# SeMani: Semantic Manipulation for Entity-Level Text-Guided Image Manipulation

[Papers: CVPR22 oral, journal extension (Full-size PDF)] [code] [bib]
@inproceedings{wang2022manitrans,
author    = {Wang, Jianan and Lu, Guansong and Xu, Hang and Li, Zhenguo and Xu, Chunjing and Fu, Yanwei},
title     = {ManiTrans: Entity-Level Text-Guided Image Manipulation via Token-Wise Semantic Alignment and Generation},
booktitle = {Proceedings of the IEEE/CVF Conference on Computer Vision and Pattern Recognition (CVPR)},
year      = {2022},
}
@article{wang2023entitylevel,
title={Entity-Level Text-Guided Image Manipulation},
author={Wang, Yikai and Wang, Jianan and Lu, Guansong and Xu, Hang and Li, Zhenguo and Zhang, Wei and Fu, Yanwei},
year={2023},
journal={arXiv preprint arXiv:2302.11383},
}


Watch the demo video at bilibili.

## Introduction

Entity-Level Text-Guided Image Manipulation (eL-TGIM) is a novel task of text-guided image manipulation on the entity level in the real world. eL-TGIM takes as inputs the entity prompt word, the target text description, and the original image from the real world.
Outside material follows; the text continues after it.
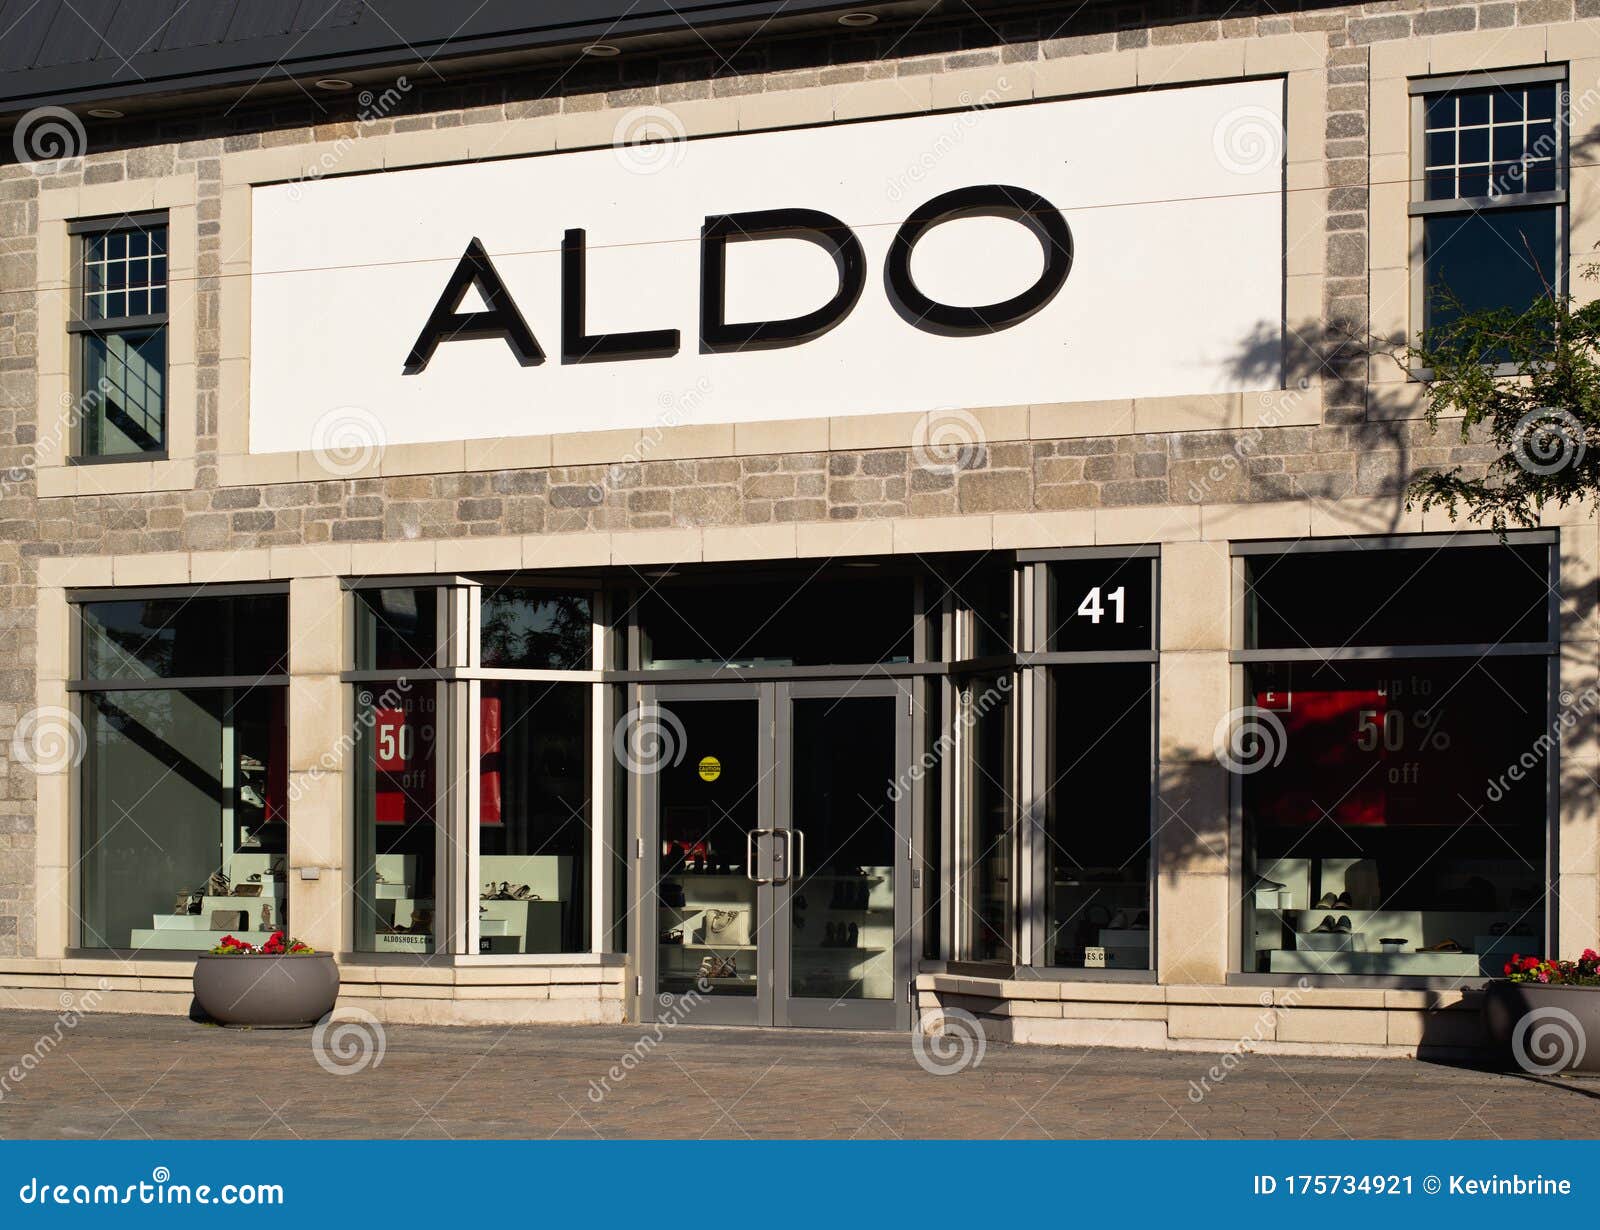 Aldo Shoe - Free & Royalty-Free Stock Photos from Dreamstime

The following illustration provides a visual representation of eL-TGIM.

eL-TGIM imposes three basic requirements,

• To edit the entity consistent with the text descriptions;
• To preserve the entity-irrelevant regions;
• To merge the manipulated entity into the image naturally.
Although most current image editors partially satisfy the first requirement, they tend to neglect the other two, particularly the preservation of entity-irrelevant regions. Moreover, many editors depend on the user-provided mask to identify the entity-relevant region. Examples below illustrate these points.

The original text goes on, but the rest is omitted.